A autoridade de Jesus Cristo é, portanto, uma realidade somente onde os homens realmente
dobram o joelho diante dele, isto é, na Igreja. A Igreja consiste daqueles que reconhecem Jesus
Cristo como seu Senhor e na obediência da fé, e no amor, servem como seu Senhor o fez. A
autoridade de Cristo significa que por meio de Sua Palavra e Seu Espírito ele realmente
governa sobre os “homens” (os salvos). Jesus não é apenas um Rei que simplesmente
reivindica Seus direitos, mas aquele a quem a Igreja realmente se submete. Ele é a cabeça do
Corpo da Igreja (Cl 1.18). Ele é realmente a autoridade em uma comunidade de pessoas que
realmente obedecem A Sua vontade. Jesus como rei de Seu povo nos protege contra todo tipo
de ataque do inimigo. À semelhança dos reinos humanos que se julgam prósperos pela
abundância e proteção contra seus inimigos, muito mais é Jesus como nosso rei, pois Ele nos
protege contra o ataque dos nossos inimigos espirituais, de onde deduzimos que Ele reina
mais por causa de nós que por Si mesmo, tanto por dentro como por fora, para enriquecer-nos
com os dons do Espírito, que naturalmente nos orientam para edificarmos a comunhão de Sua
Igreja (Ef 1.22,23).

Jesus é rei eternamente, como ensina explicitamente a passagem de Sl 45.6, em conformidade


com Hb 1.8; Is 9.7; Dn 2.44: Cristo nunca deixará de ser a Cabeça da Sua Igreja, jamais a
deixará como um corpo sem cabeça, assim como Ele é sacerdote para sempre segundo a
ordem de Melquisedeque.

Não teria muito sentido Deus se tornar homem, na Pessoa de Jesus, e, depois, na eternidade,
onde será estabelecido realmente o Seu Reino, deixar de exercer a sua realeza, visivelmente,
deixar de conviver com seus súditos. Ele estará entre nós porque Ele é o Deus conosco.

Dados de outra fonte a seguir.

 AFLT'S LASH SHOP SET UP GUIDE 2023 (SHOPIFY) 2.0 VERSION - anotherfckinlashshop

Seu
governo será justo, governará com cetro de ferro, sem opressão, mas com amor; Seu povo o
louvará para sempre, à semelhança dos vinte e quatro anciãos no Apocalipse de João.

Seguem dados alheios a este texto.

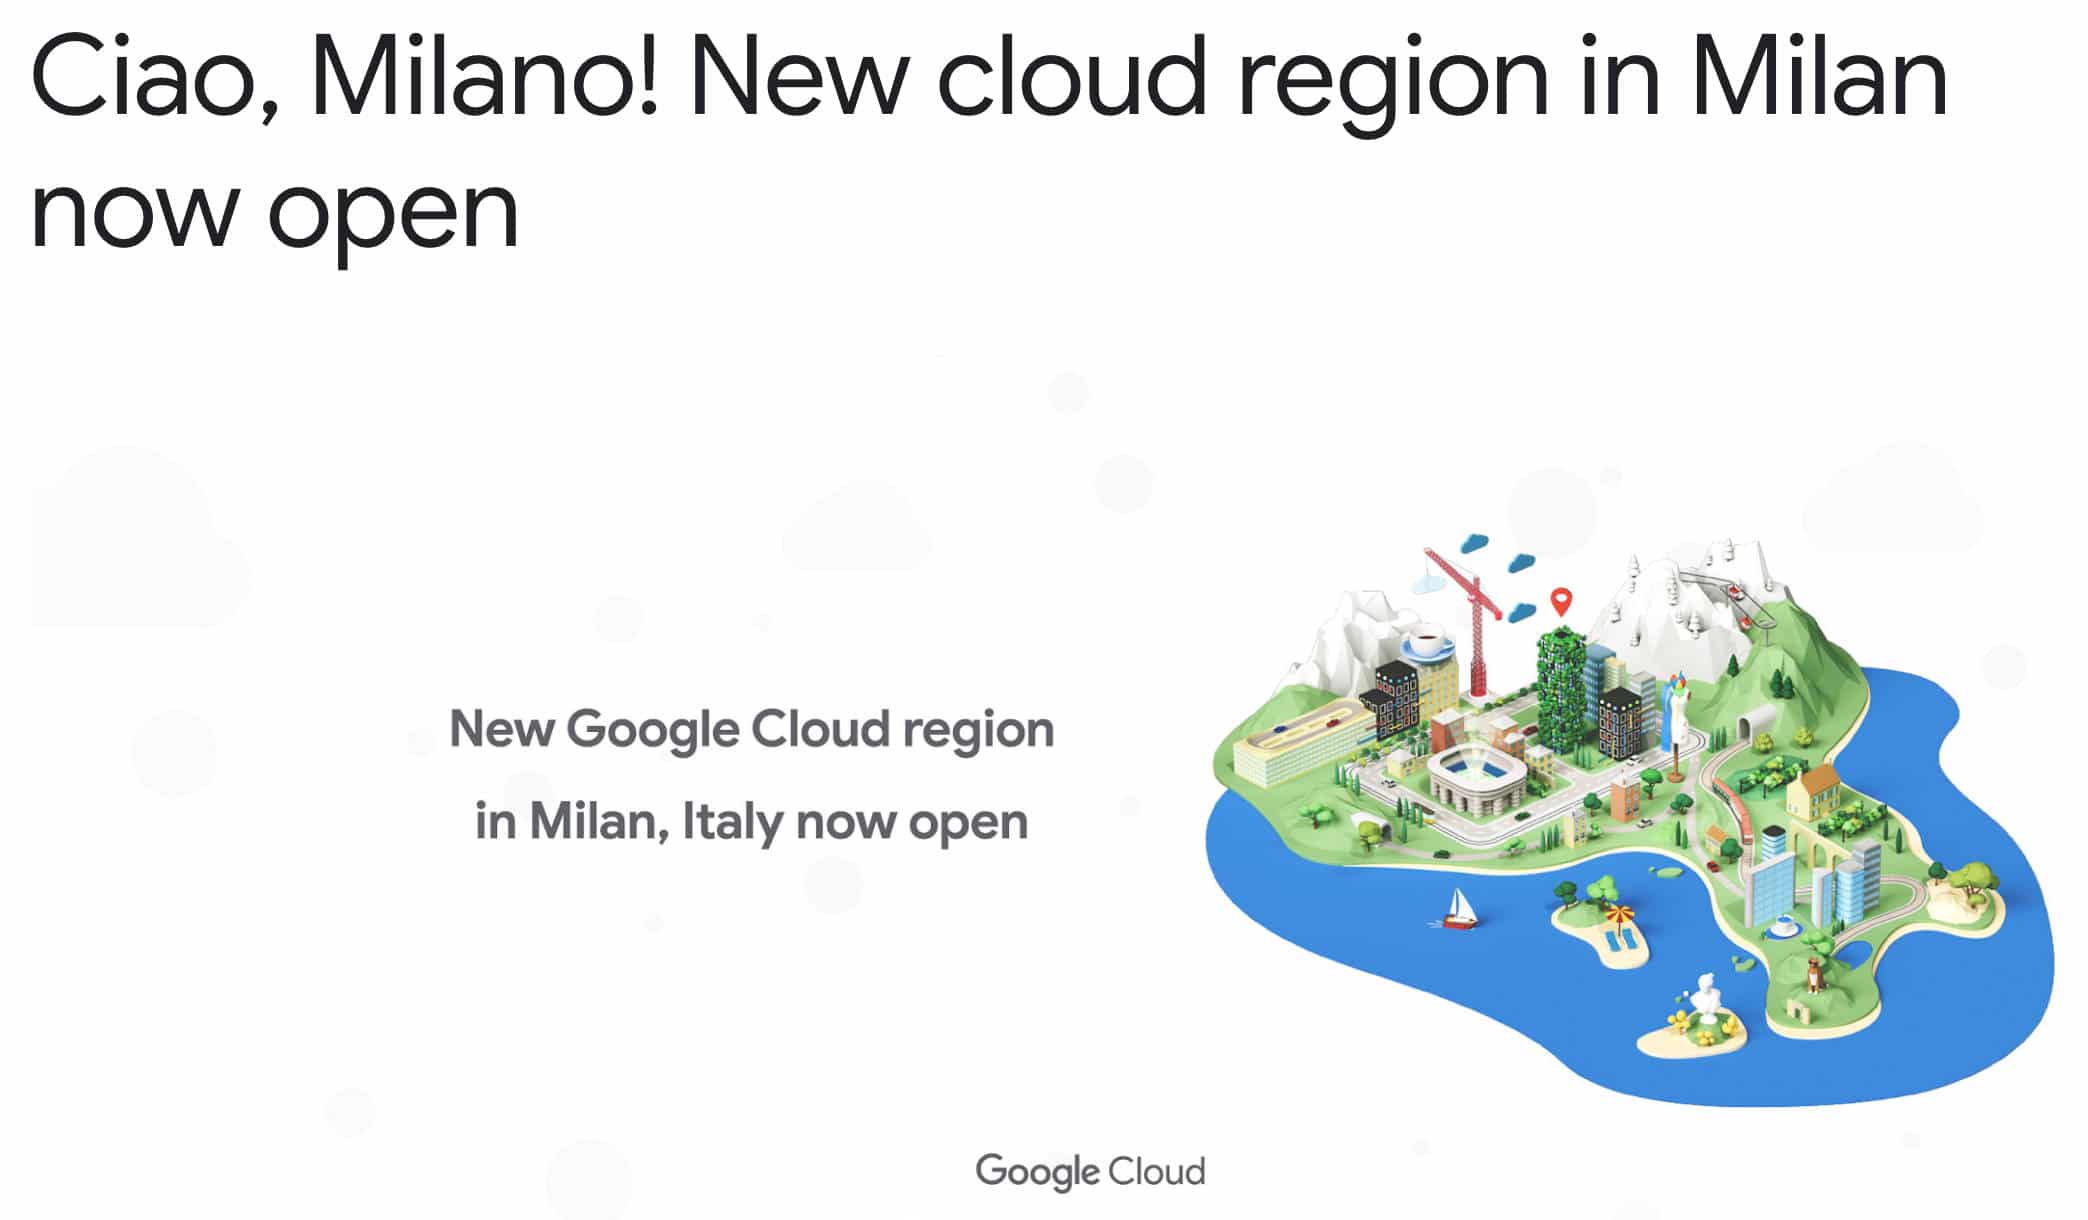 Una nueva región Google Cloud en Milán.

Jesus geralmente ensinou como os rabinos judaicos por meio de ditos breves, ao invés de
extensos discursos, e muitos de seus mais importantes ditos são constituídos de parábolas,
provérbios e pronunciamentos isolados, respondendo a perguntas e reagindo a situações. Sua
autoridade foi reconhecida por todos seus ouvintes (Mt 7.28,29). Como se utilizava de
parábolas, sua compreensão era difícil para muitos e até mesmo para seus discípulos, para
quem Jesus as explicava, em particular. Dos ensinos de Jesus brotam três ênfases principais:
(a) a primeira ênfase recai sobre seu Pai divino, pois Jesus queria que seus discípulos se
relacionassem com o Pai com intimidade familiar, não com formalismos e ritualismos; (b) a
segunda ênfase era dada a possibilidade de uma nova vida aos seus ouvintes por meio do
arrependimento; (c) e a terceira ênfase dizia respeito a Si mesmo como Filho do Homem e o
Messias de Israel; através de Seus sinais e Suas palavras àqueles que atentassem descobririam
que Jesus é o Restaurador tanto de Israel como de todos aqueles que o recebiam como o
Messias de Deus. Portanto, atentar para os ensinos de Jesus constitui a melhor maneira de
perceber o ato reconciliador que Ele realizou por meio de suas atitudes e palavras, em uma
sociedade corrompida e vazia em sua vida espiritual, apesar de sua intensa religiosidade para
com Deus, por meio de seus constantes sacrifícios. Não podemos dividir estes ofícios.
Recebemos não apenas as consolações que advém do Sacerdócio de Cristo, mas as exigências
de arrependimento e fé que Ele nos faz como Profeta, e como Rei a exigência de toda nossa
vida, contra idéias antinomistas e de “crentes carnais”.